## Available data
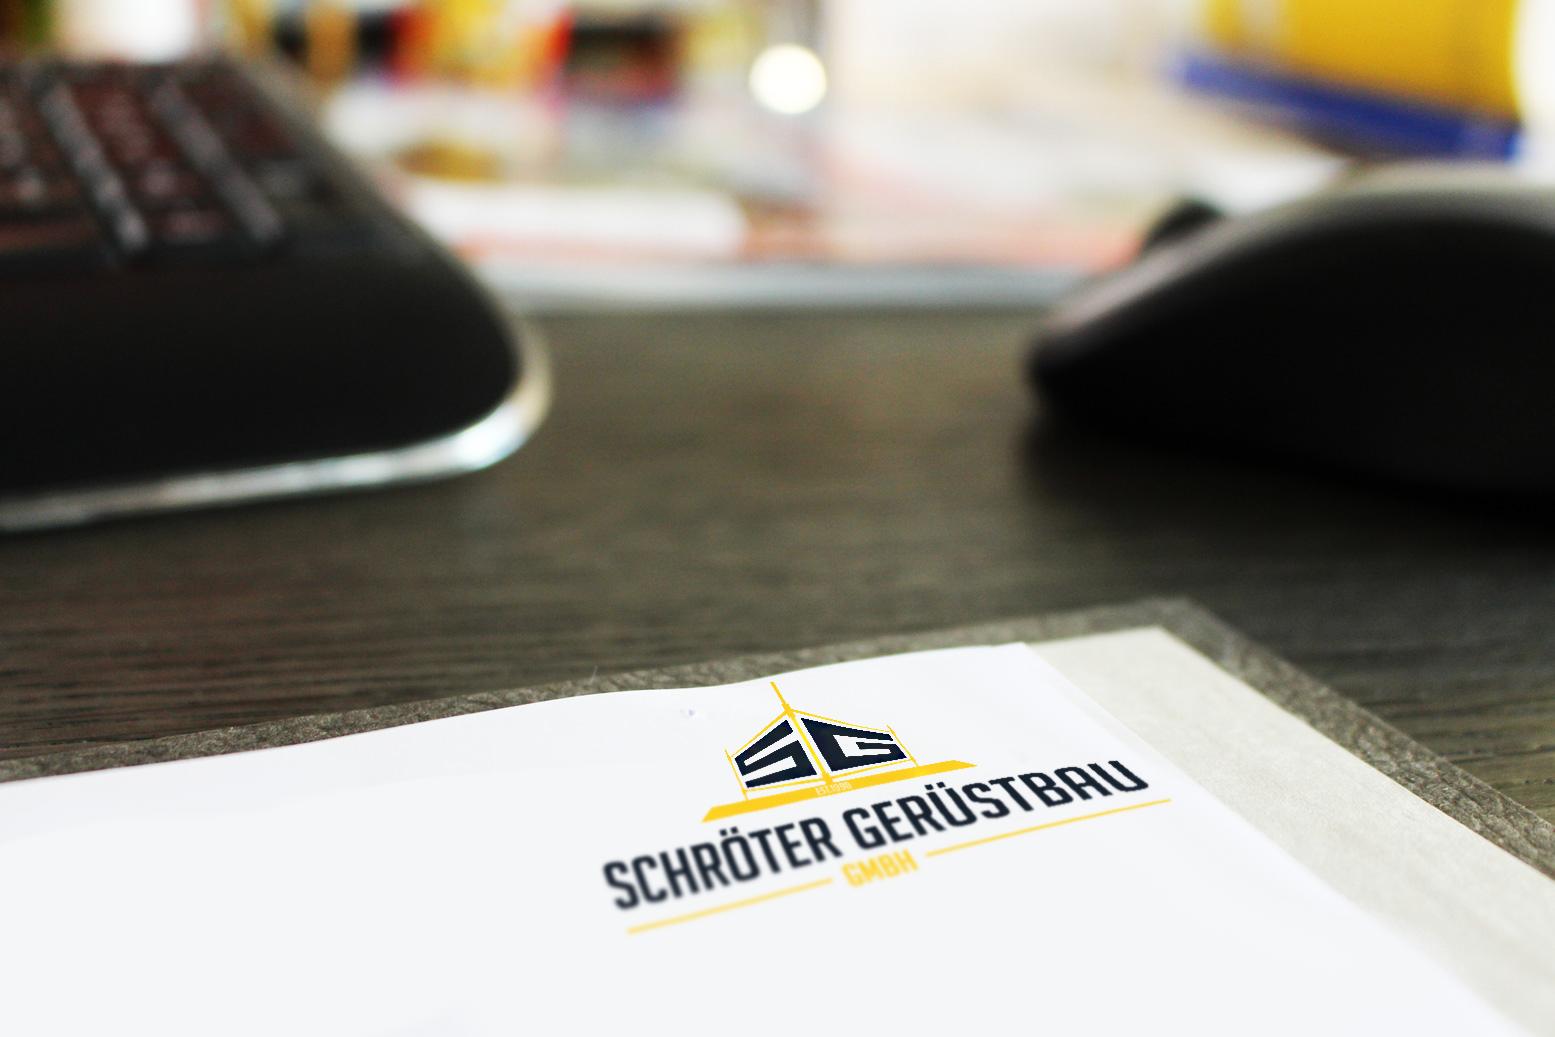 Sekretariat - Geschäftsführung
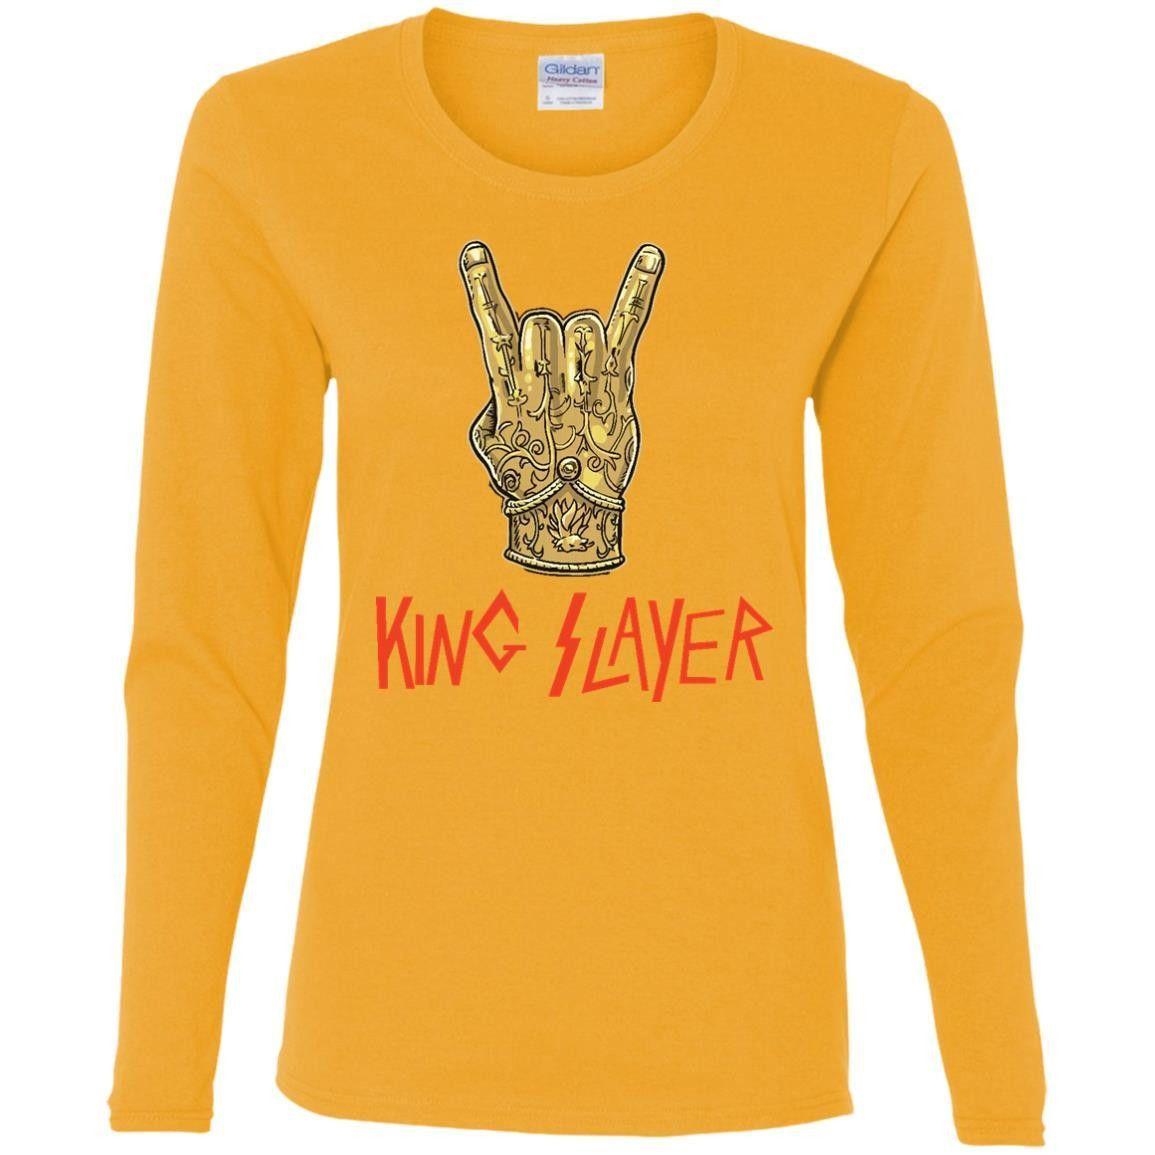 King Man Slayer T-Shirt G540L Gildan Ladies' Cotton LS T-Shirt
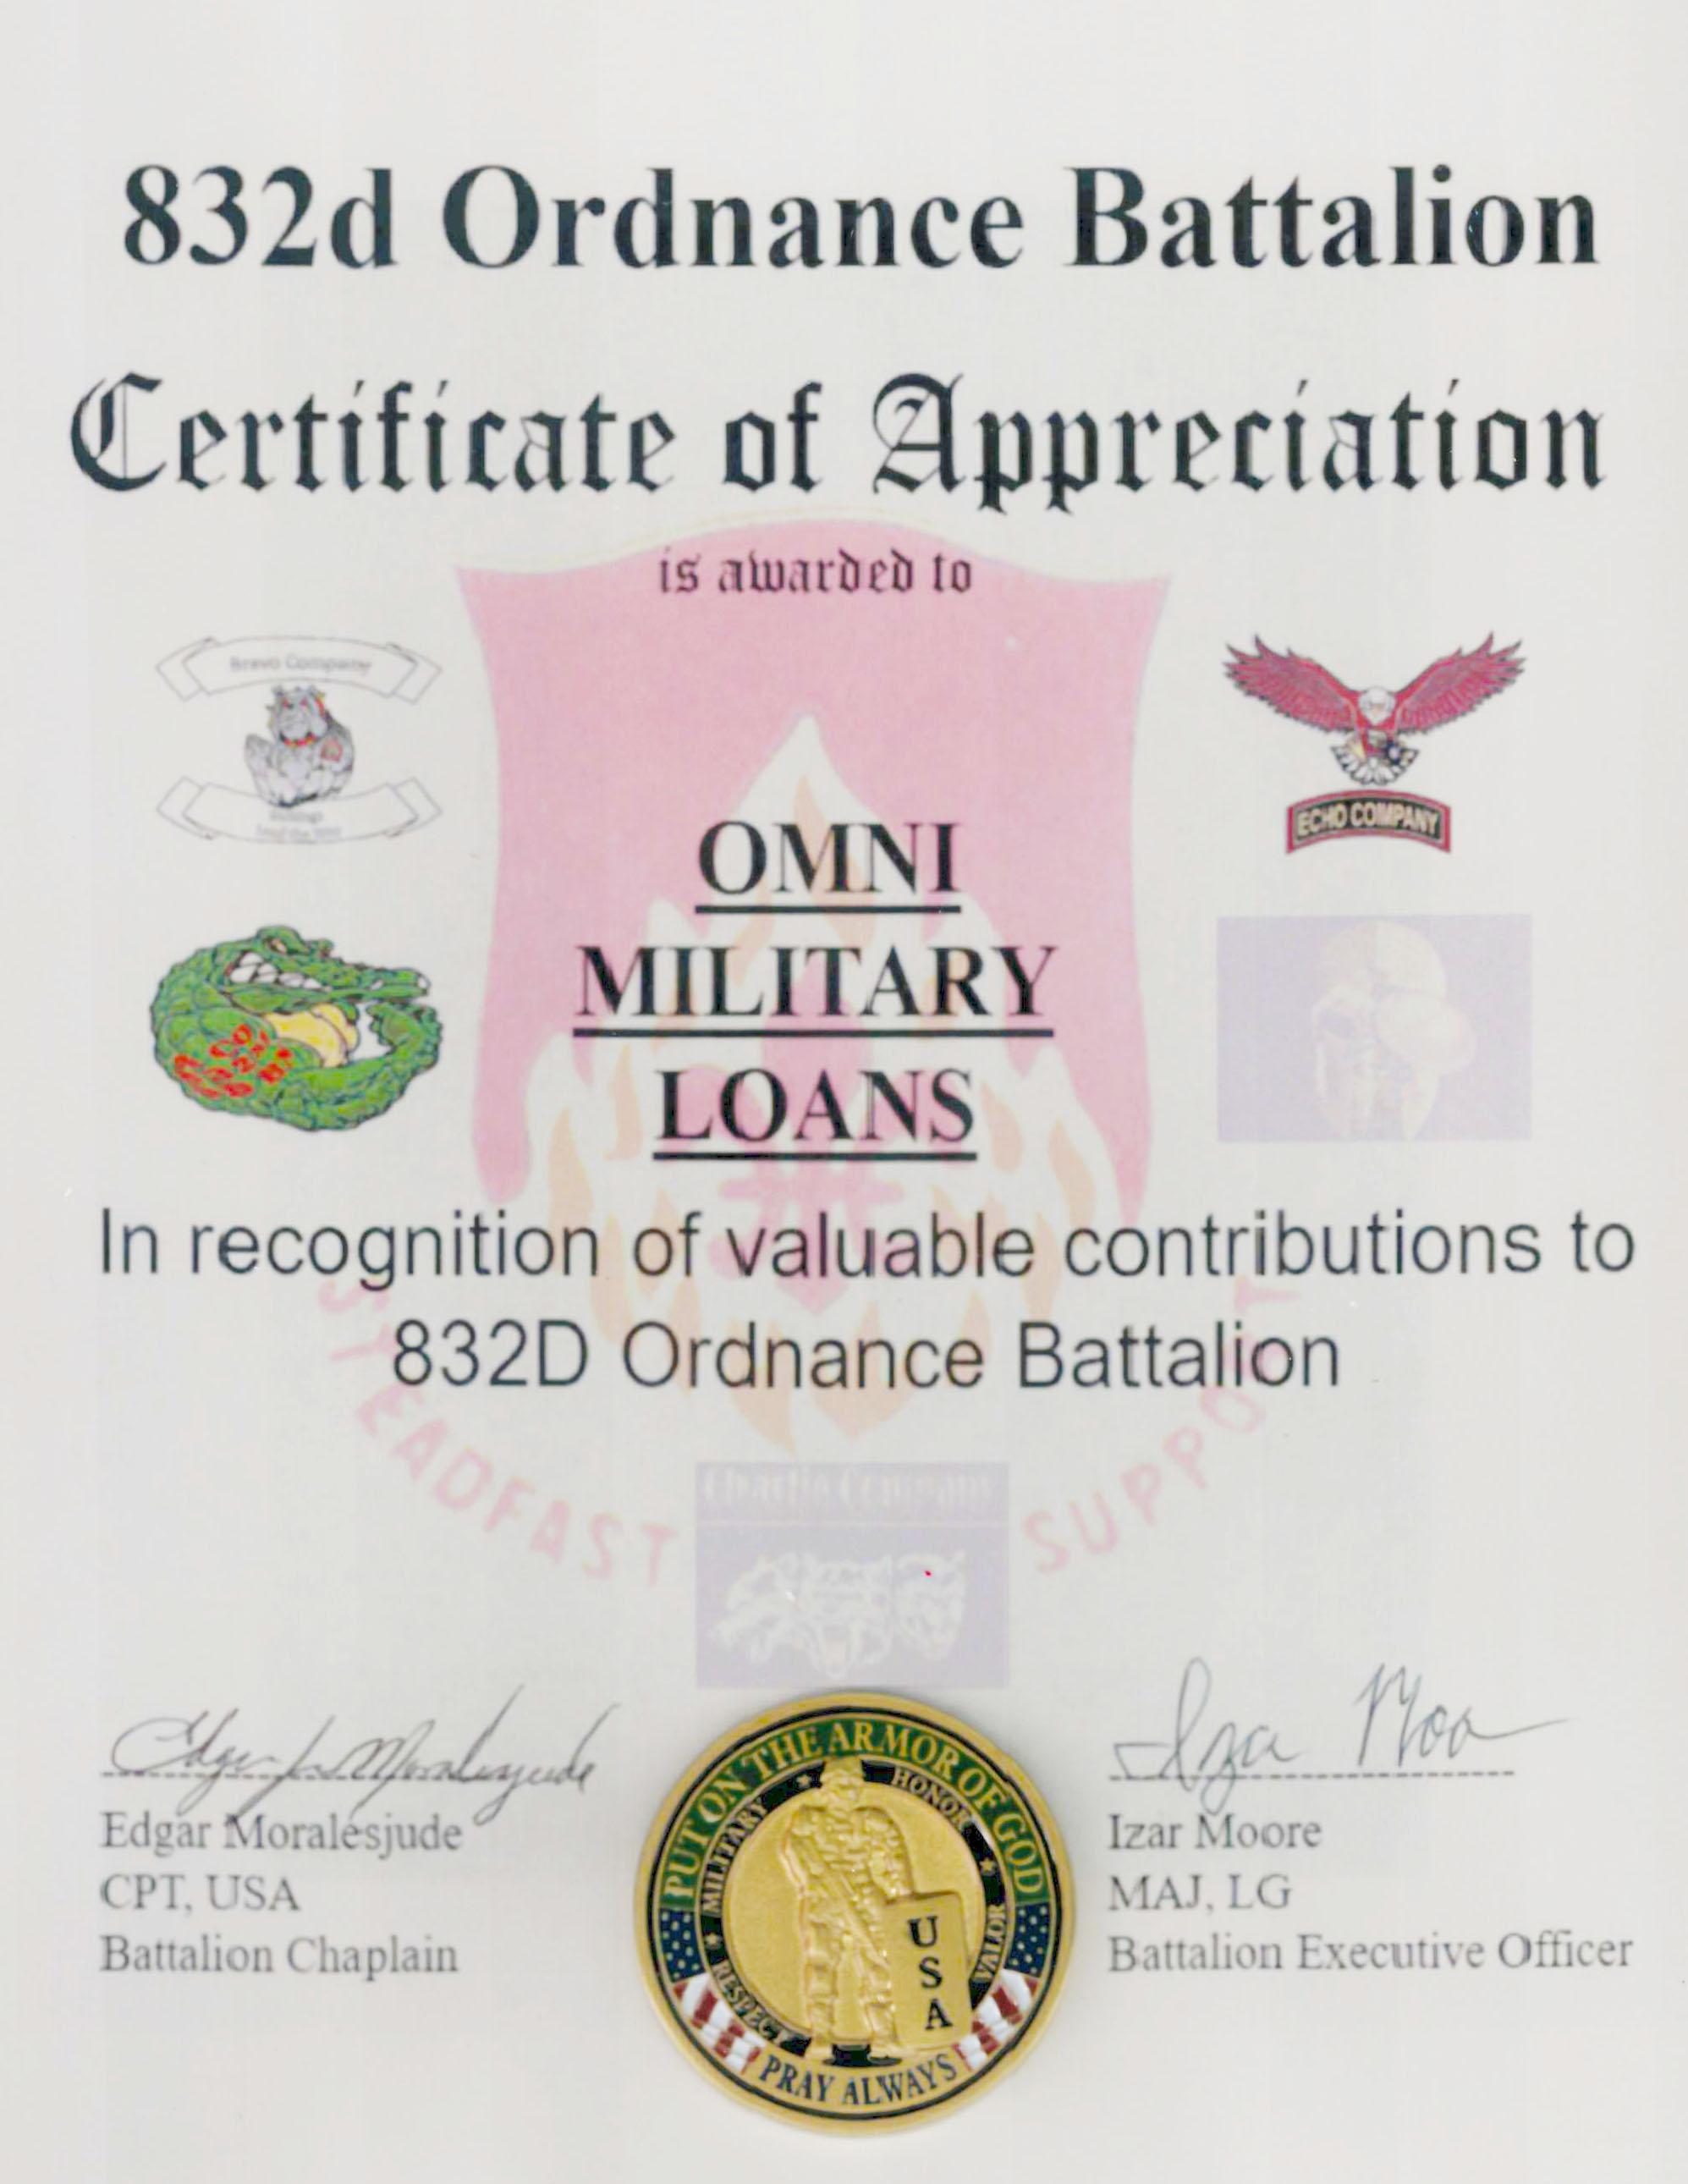 Omni military loans in prince george va 832nd ordnance battalion certificate of appreciation jan 2018 xflitez Choice Image

## Exercise directions
The required output consists only of the lines from the one containing "King Man Slayer" to the last line of the material, reproduced exactly, pictures excluded.

## Solution to this task
 King Man Slayer T-Shirt G540L Gildan Ladies' Cotton LS T-Shirt
 Omni military loans in prince george va 832nd ordnance battalion certificate of appreciation jan 2018 xflitez Choice Image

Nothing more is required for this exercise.